[Problem statement]
Of the lines below, write out exactly those from the line with "Cnj Fire Protection" through the line with "A yellow Ludwigia", both included, and skip the rest.

[Exercise materials]
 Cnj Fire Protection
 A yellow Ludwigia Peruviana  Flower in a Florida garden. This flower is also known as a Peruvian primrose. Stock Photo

---

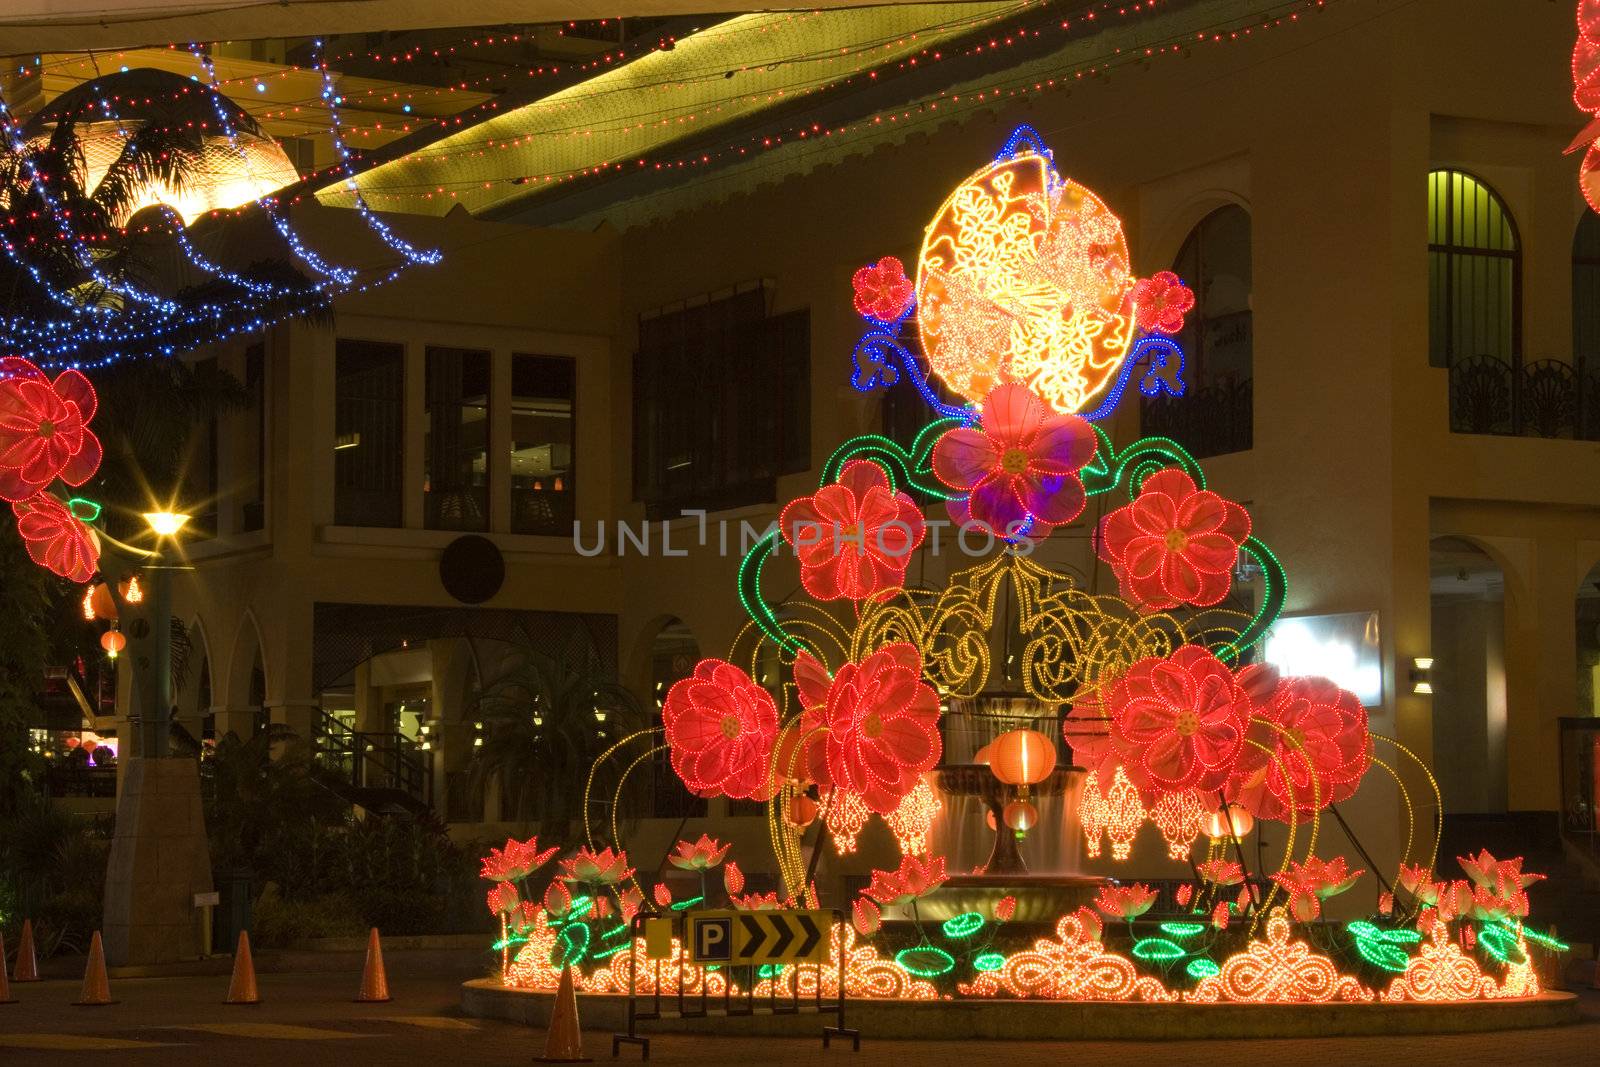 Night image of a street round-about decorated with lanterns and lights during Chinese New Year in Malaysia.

* * *

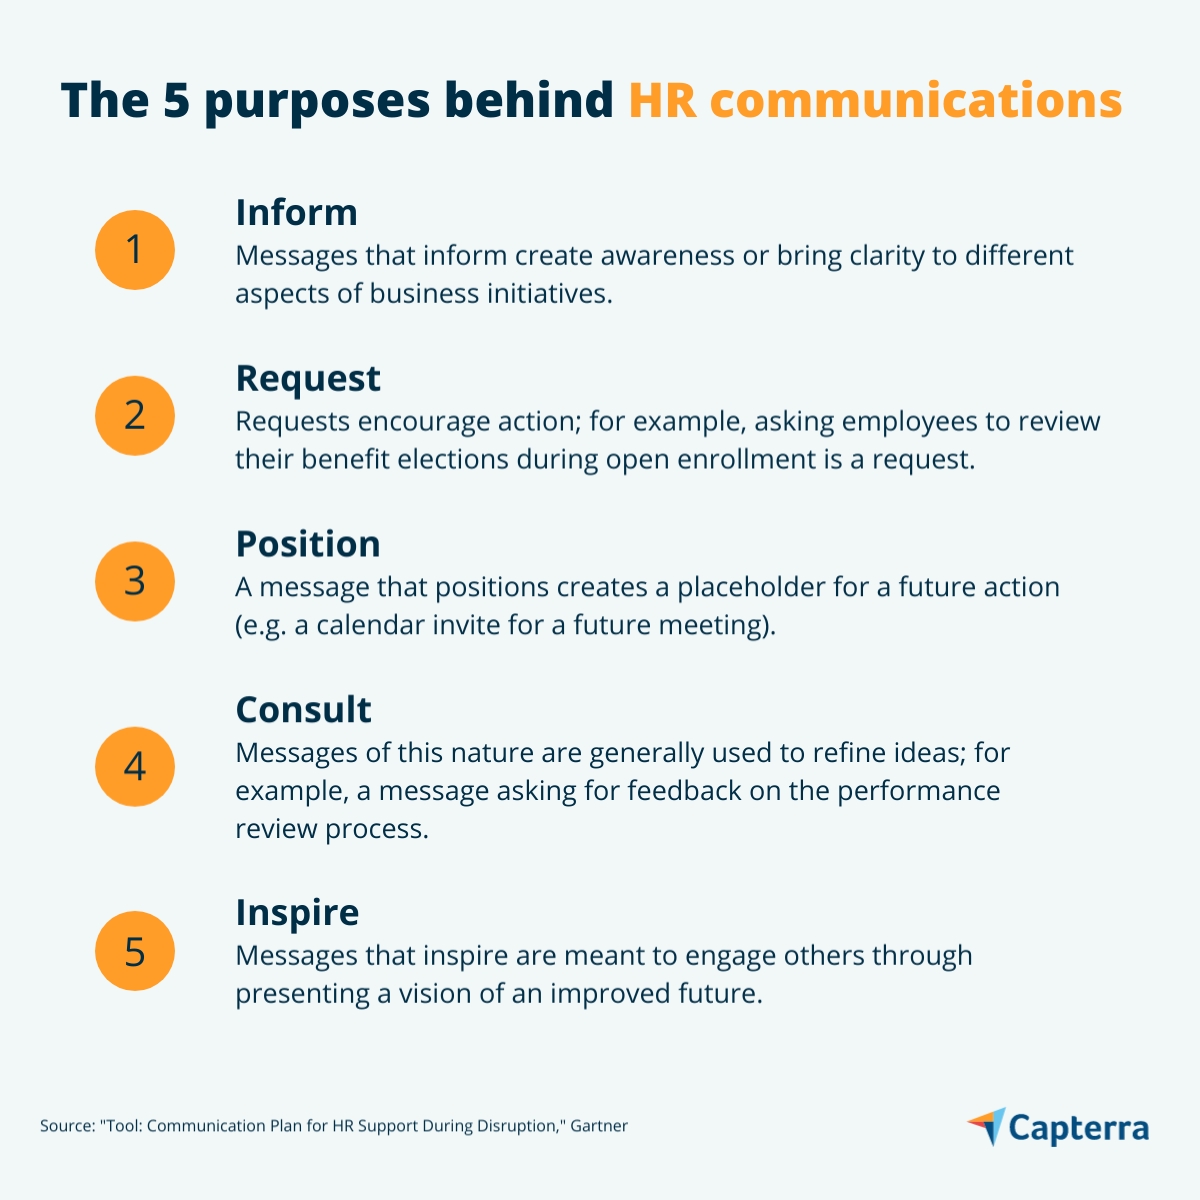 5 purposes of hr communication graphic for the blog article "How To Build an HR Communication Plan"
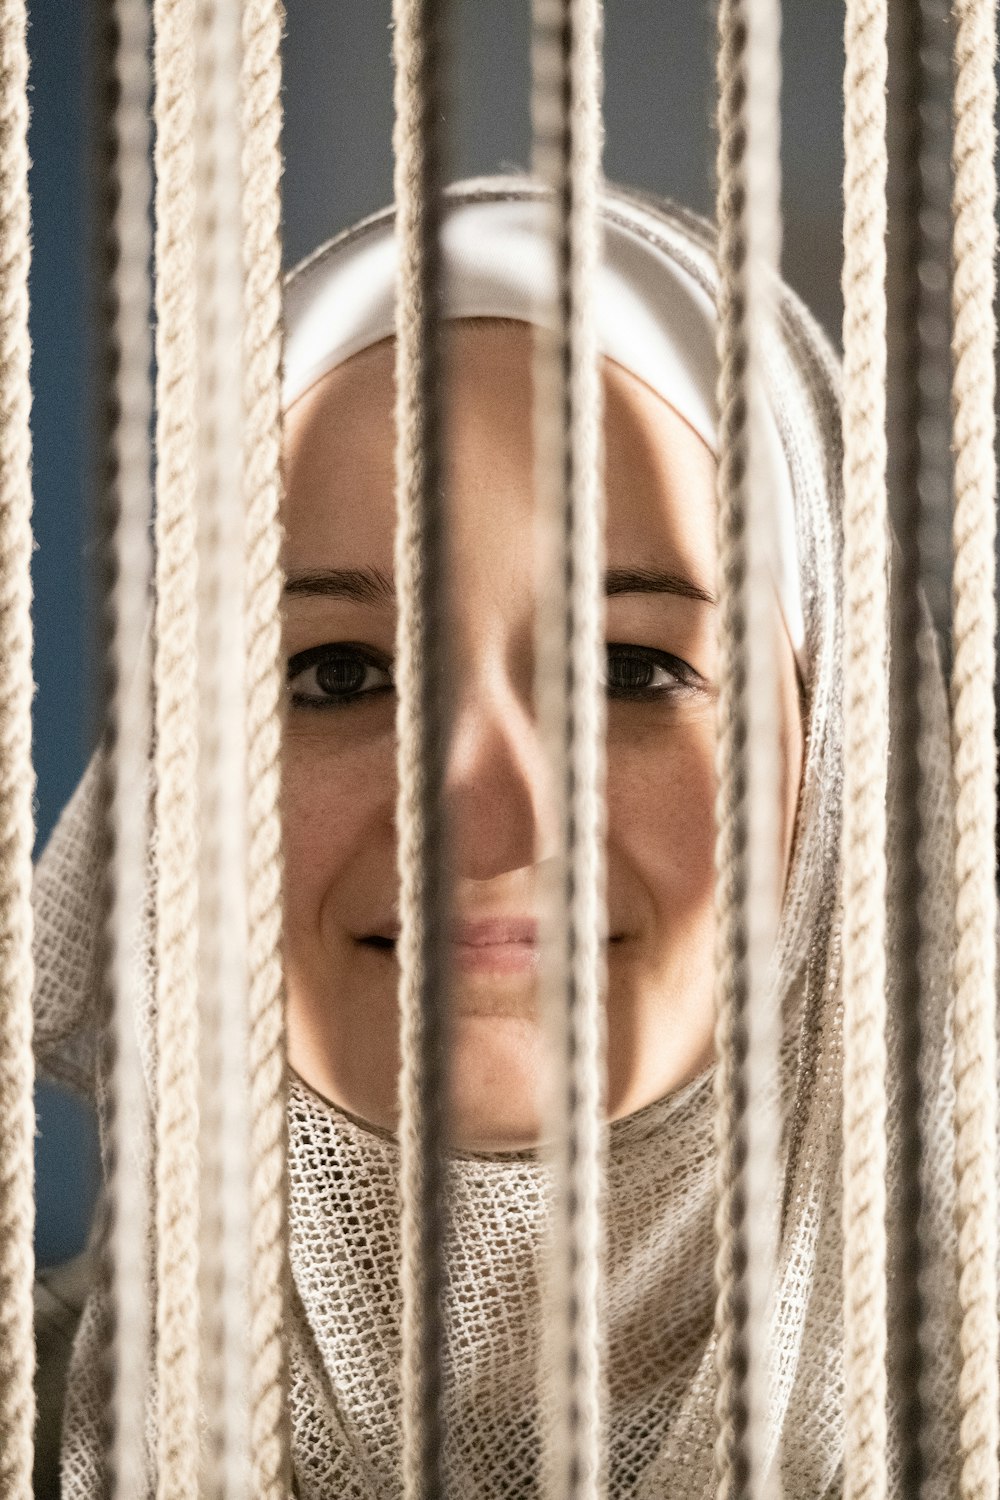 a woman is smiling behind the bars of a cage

[Final answer]
 Cnj Fire Protection
 A yellow Ludwigia Peruviana  Flower in a Florida garden. This flower is also known as a Peruvian primrose. Stock Photo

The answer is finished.